Bij budgetbijdragen is er een plafond voor vijf jaar en wordt dit plafond elke vijf jaar verdeeld. Het ritme loopt gelijk met de actieplannen omgevingslawaai en daarom loopt de eerste periode in principe tot en met 2025. Provincies kunnen vanaf inwerkingtreding van de Omgevingswet een aanvraag indienen voor de presanering (zie algemene toelichting). De laatste cyclus start in 2040 omdat uiterlijk 18 juli 2039 (uitgaande van de door de EU gewijzigde termijn) het saneringsprogramma moet zijn opgesteld.

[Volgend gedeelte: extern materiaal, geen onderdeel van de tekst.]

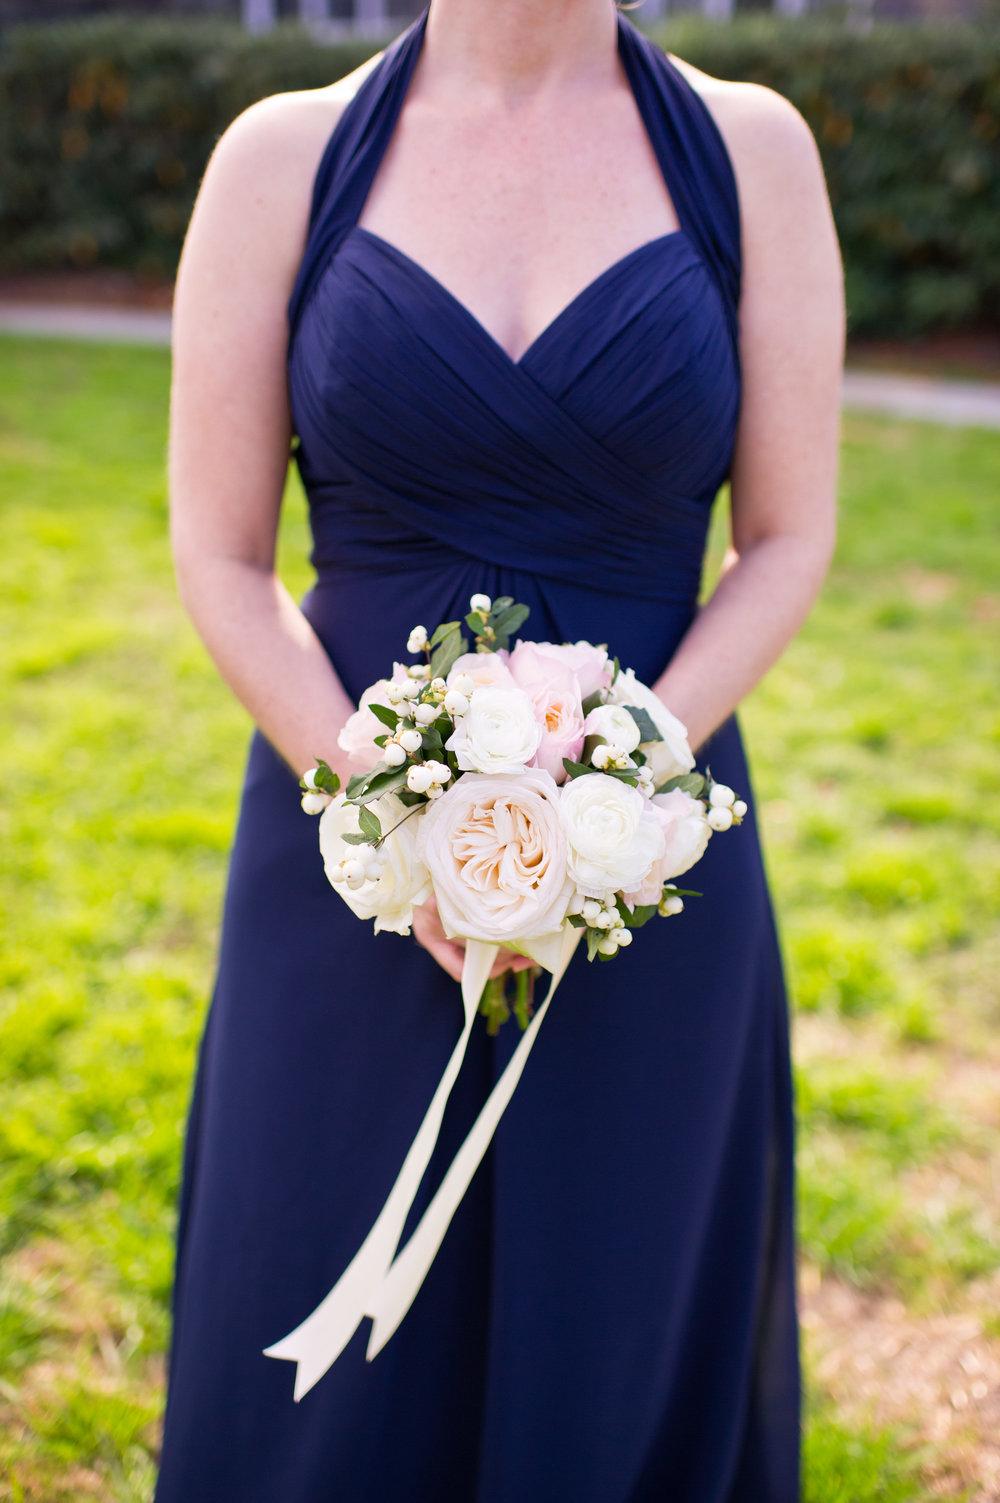 CT_Wedding_Planner_Crabtree_Kittle_House053.jpg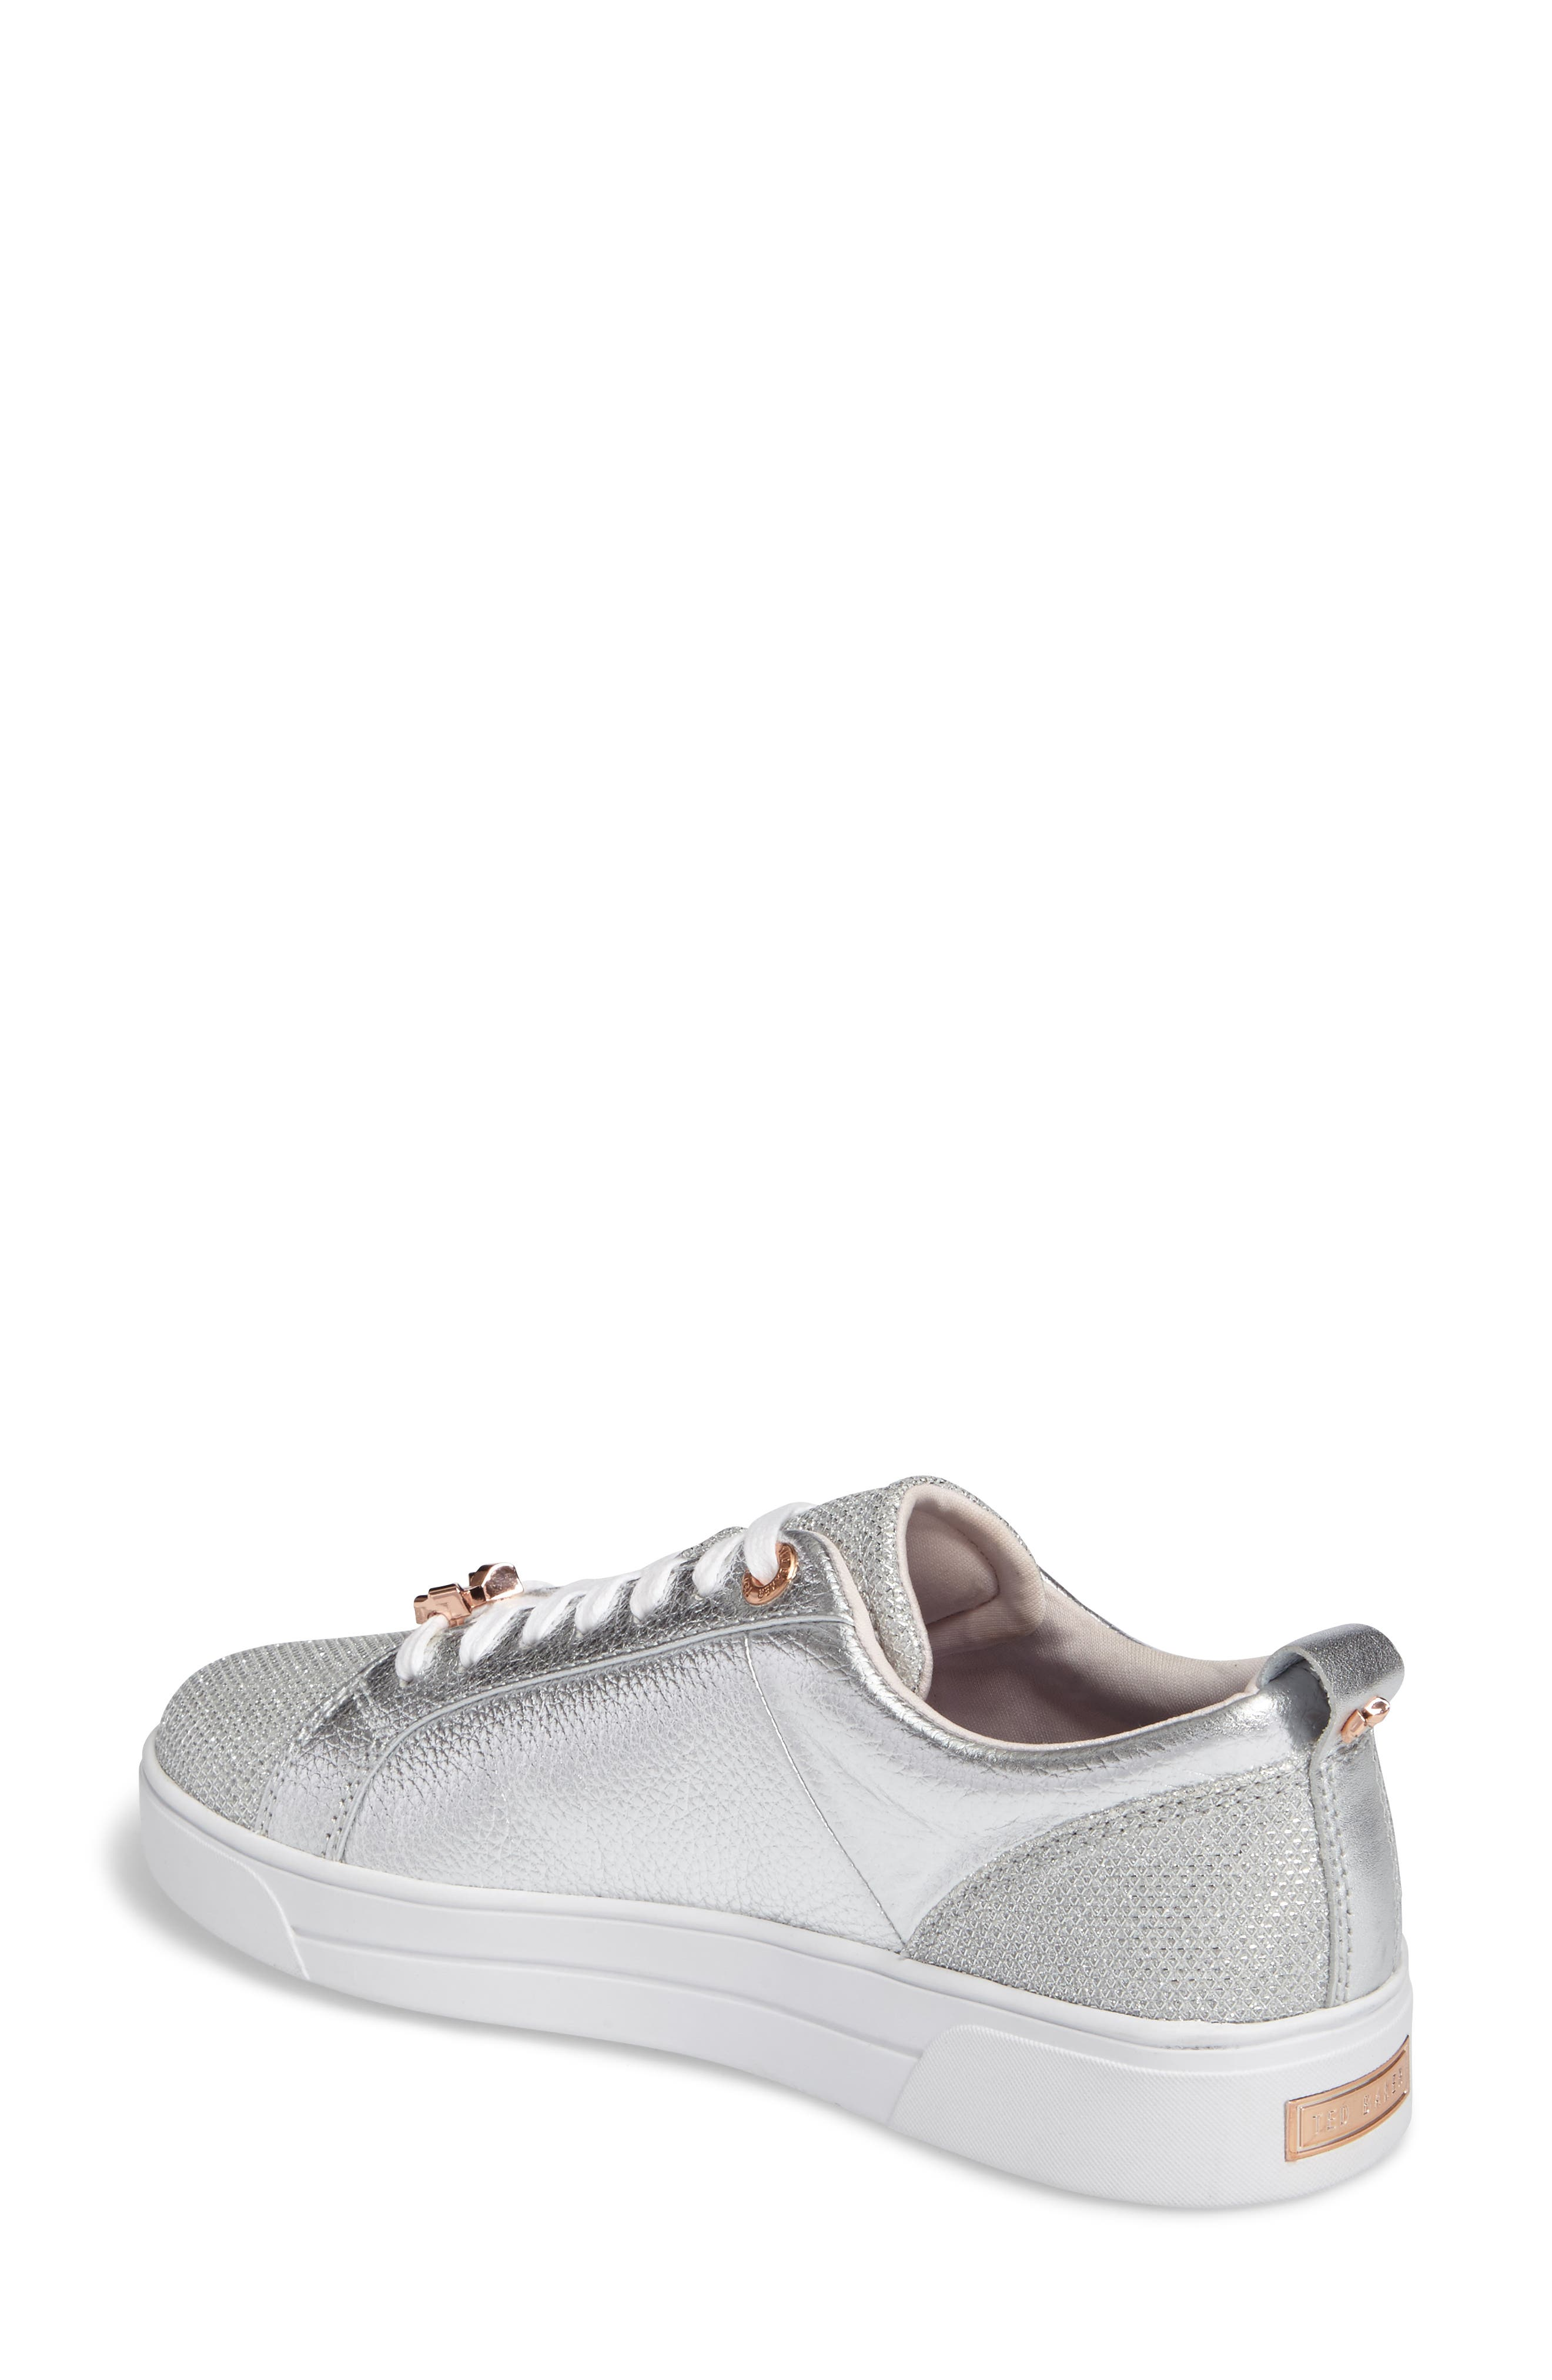 Kulei Sneaker,                             Alternate thumbnail 3, color,                             Silver Leather

Het derde en vierde lid geven aan dat van de cyclus van de actieplannen kan worden afgeweken wanneer dat nodig is vanwege de termijn voor het vaststellen van de saneringslijst, die bij koninklijk besluit wordt vastgelegd (zie artikel 15.2, eerste lid, van het Omgevingsbesluit). Wanneer deze termijn bekend is, zal deze regeling daarop worden aangepast. Ook zal deze termijn bekend worden gemaakt op de website www.bureausaneringverkeerslawaai.nl om belanghebbenden zo spoedig mogelijk te informeren. Waar mogelijk zullen belanghebbenden ook actief worden geïnformeerd.

Artikel 20 en 21

Deze artikelen bevatten de voorwaarden op basis waarvan de bijdrage kan worden verleend. Voor zowel budgetbijdragen als projectbijdragen is een planning nodig om inzicht te krijgen in de verwachte liquiditeitsbehoefte. De bevoorschotting kan daar dan op worden afgestemd.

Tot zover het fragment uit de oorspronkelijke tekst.